Opinion Editorial

Monday, July 13, 1998  

Stock Market Rise Doesn't Herald Inflation

The Federal Reserve recently released the minutes of the May 19 meeting of its Federal Open Market Committee (FOMC), the organization that formally determines our nation's monetary policy. Decisions by the FOMC can have an immediate and dramatic impact on interest rates, especially short-term interest rates. At its last meeting, the FOMC decided to keep the federal funds rate, the interest rate on money banks lend to each other, at 5.5 percent.

A number of economists believe that the FOMC is keeping the fed funds rate too high, which in turn causes interest rates paid by businesses and consumers to be higher than necessary. Economist Brian Wesbury notes that when adjusted for inflation the fed funds rate is now at its highest level in over 9 years. He believes that failure of the Federal Reserve to ease monetary policy and lower the fed funds rate risks a recession.

On the other hand, there are also economists who continue to believe that inflation lies just over the horizon. They believe the Fed should keep money tight and raise interest rates if necessary to forestall inflation. "The economy today seems to be nearing the classic stage of overheating that precedes an acceleration of inflation," writes Rob Norton in Fortune Magazine.

Among the key indicators of concern to the inflation "hawks" is the continued rise of the stock market. They worry that this may be the sign of an inflationary bubble that could easily burst with a stock market crash. They also worry that rising stock wealth may encourage consumers to buy more than their incomes would ordinarily allow, thus bidding up prices at the retail level.
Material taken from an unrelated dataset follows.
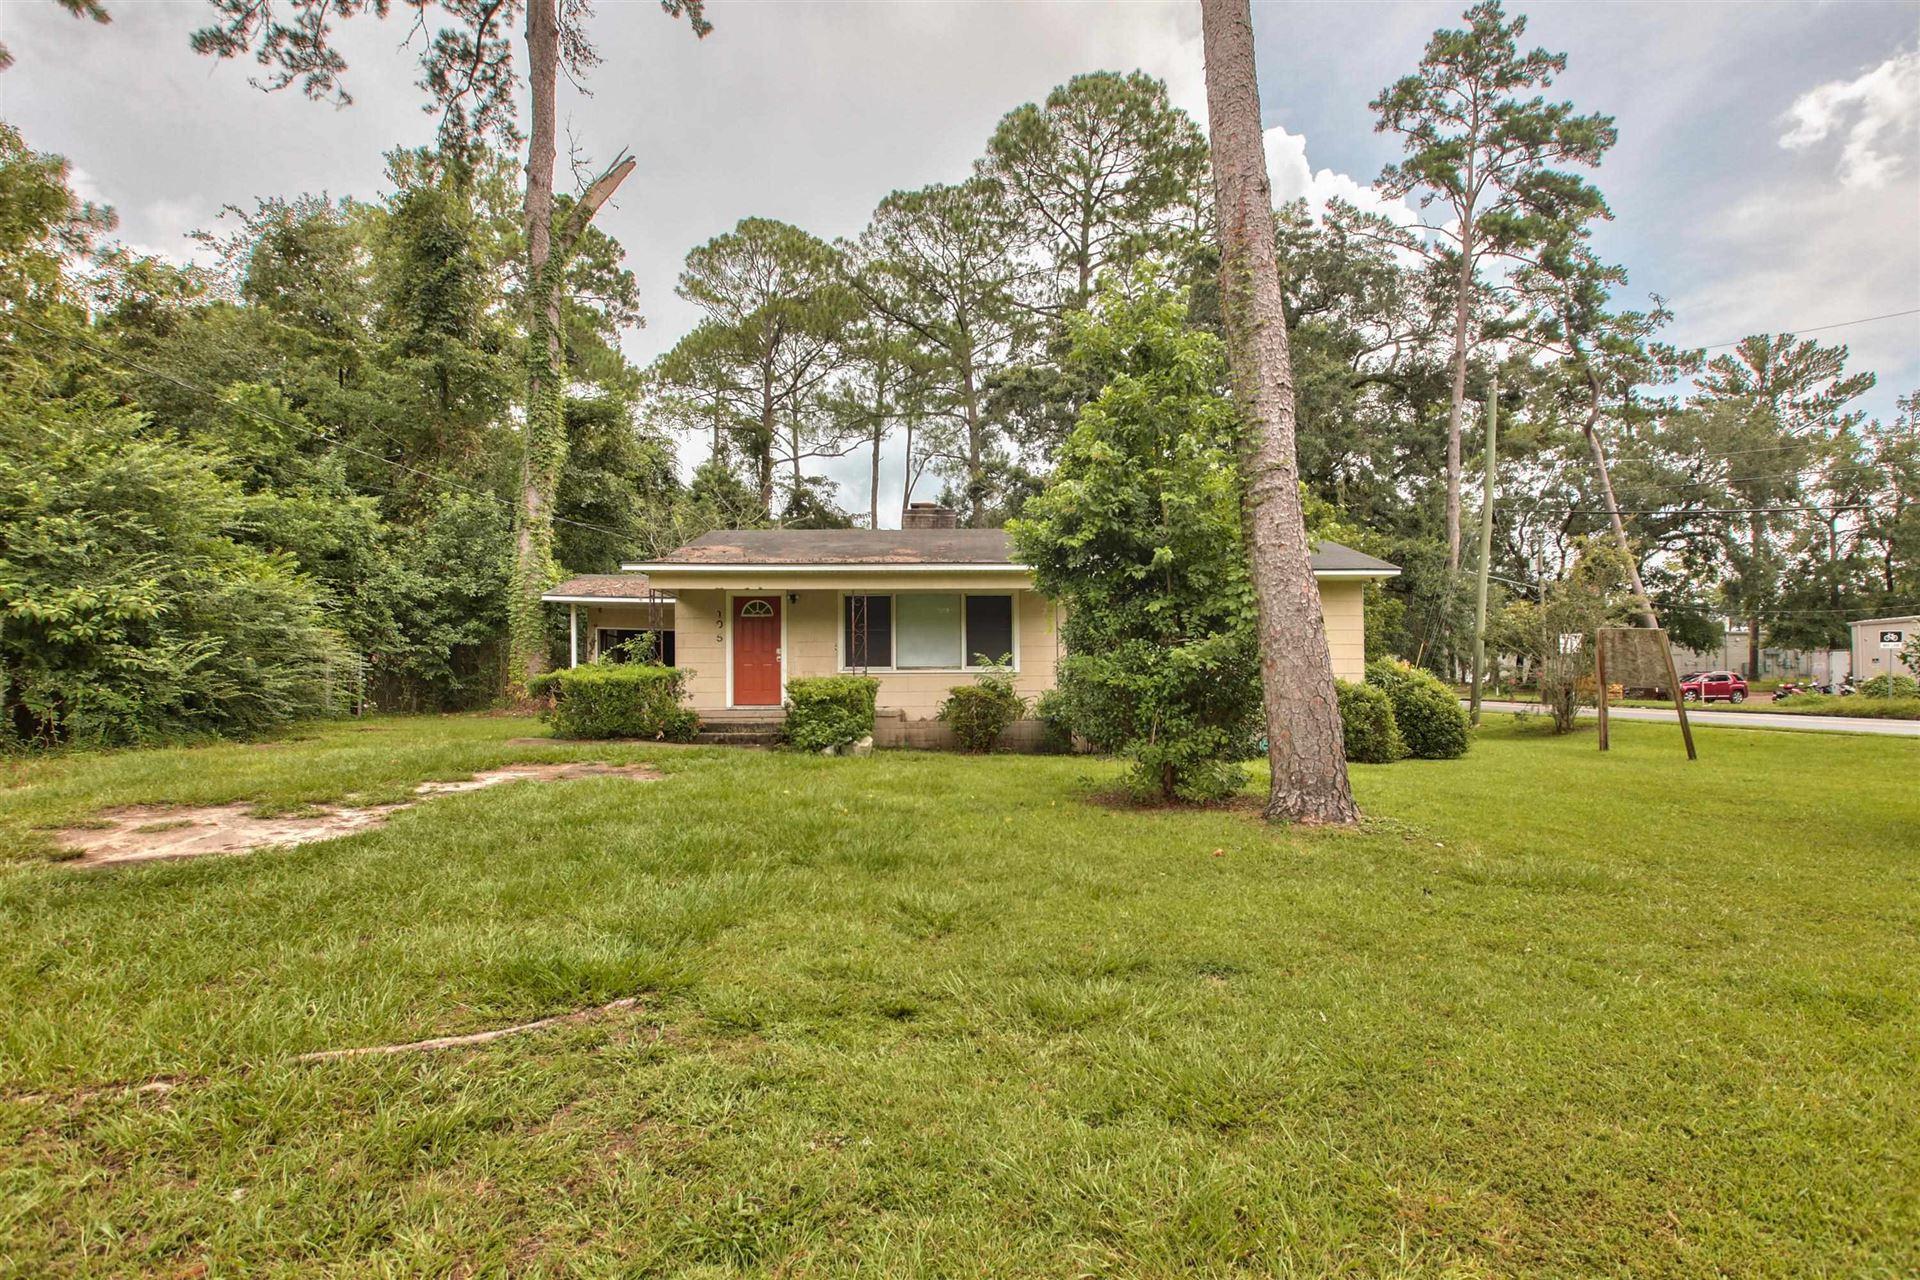 Photo of 105 Dixie, TALLAHASSEE, FL 32304 (MLS # 336966)

Federal Reserve Chairman Alan Greenspan clearly has sympathy for the bubble theorists. A year and a half ago he sent the stock market reeling by criticizing its "irrational exuberance." More recently, he testified before Congress that current stock prices can only be sustained if economic conditions remain "exceptionally favorable." On the FOMC he is being pressured to tighten money by members such as Jerry Jordan, president of the Federal Reserve Bank of Cleveland, who sees "too much cash chasing too few deals."

A review of the evidence, however, shows that any relationship between stock prices and inflation is tenuous at best (see figure). The reason is because purchases of stock are a form of saving, not consumption. Since the Consumer Price Index reflects only changes in prices for consumption goods, rising stock prices cannot be an indicator of inflation. In fact, many economists believe the main reason why stocks have risen is precisely because inflation has fallen.